“In the future,” Görner said to the telephone, “you may admit Herr von und zu Gossinger to our parking lot at any time, even if his car doesn’t have an identification stick
er.”
“Jawohl, Herr Görner,” the guard said.
He handed the cellular back and hurried to the switch that would cause the barrier pole to rise.
Castillo bowed toward the window and then got in his car, a Mercedes-Benz 220, which Görner decided he had rented at an airport.
Görner had mixed feelings on seeing Castillo. On one hand, he was—and had been since Castillo’s birth—extremely fond of the boy born to the sister of his best friend. He had long ago realized that there was little difference between the paternal feelings he had for Karlchen—“Little Karl”—and those he felt for his own children.

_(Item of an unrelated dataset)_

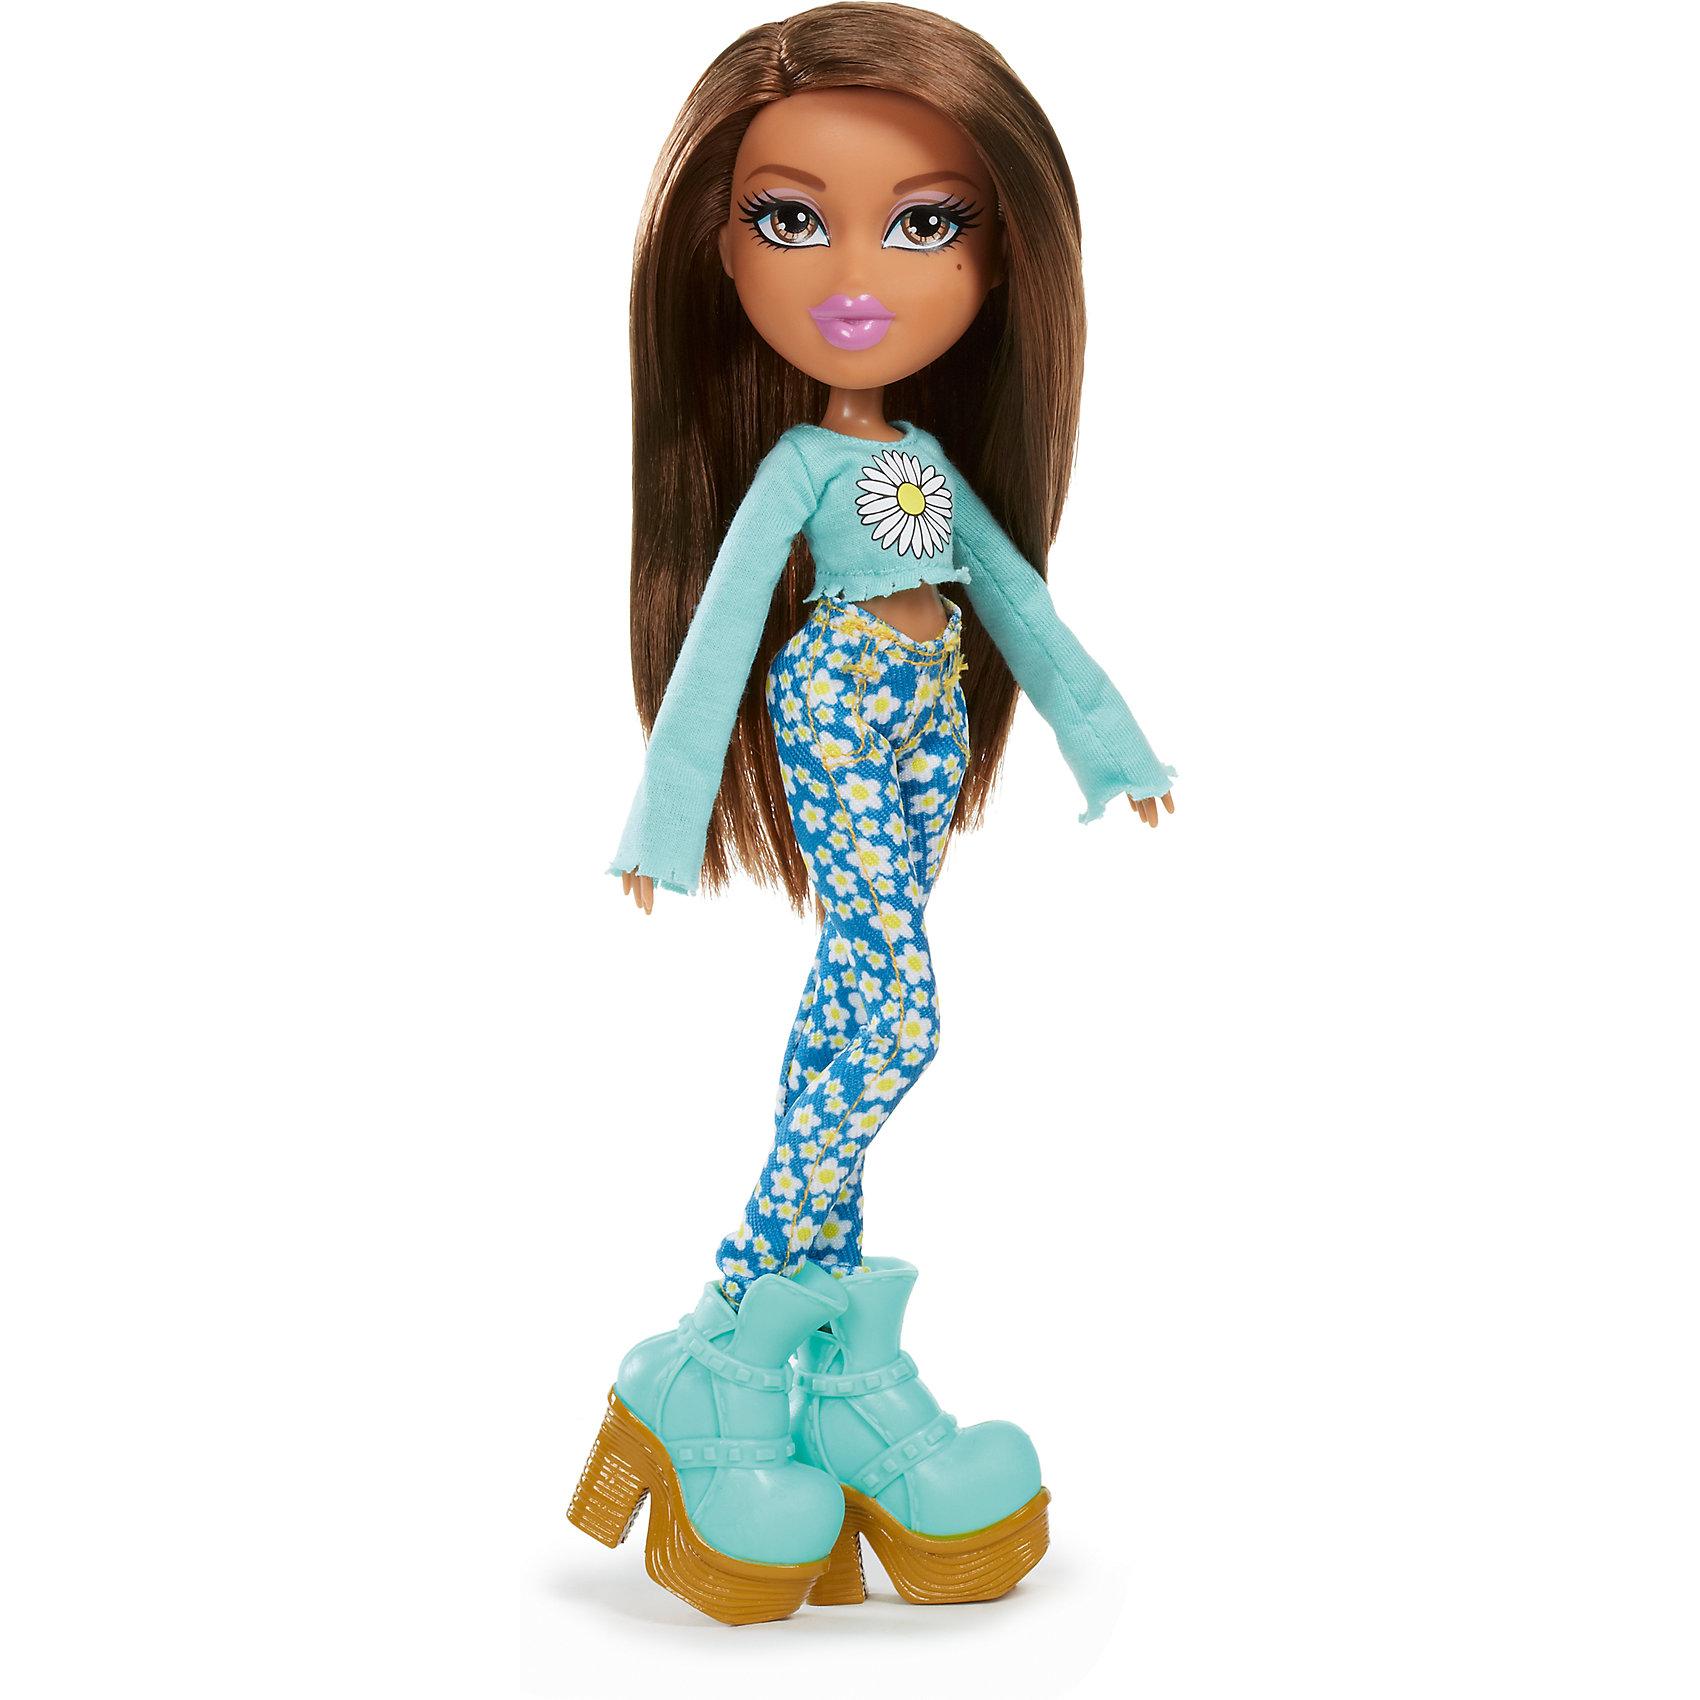 BRATZ Кукла делюкс Жасмин, Диджей, Bratz куклы gulliver кукла дынька 30см

If Erika von und zu Gossinger would have had him, either when it first became known that the seventeen-year-old girl was pregnant with the child of an American helicopter pilot she had known for only four days or, later, until the hour of her death twelve years later, he would have married her and happily given the child his name.
But Erika would not have him as her husband, although she had been perfectly willing for him to play Oncle Otto to the boy as he grew up.
And over the last three or four days, Görner had been genuinely concerned about Castillo’s safety—indeed, his life. Karlchen had called from the States and suggested Görner “might take a look at the Reuters and AP wires from Uruguay starting about now.”
Görner had done so, and the only interesting story—about the only story at all—from Uruguay had been a Reuters report that the Lebanese owner of a farm, a man named Jean-Paul Bertrand, and six other men, unidentified, had been found shot to death on Bertrand’s farm.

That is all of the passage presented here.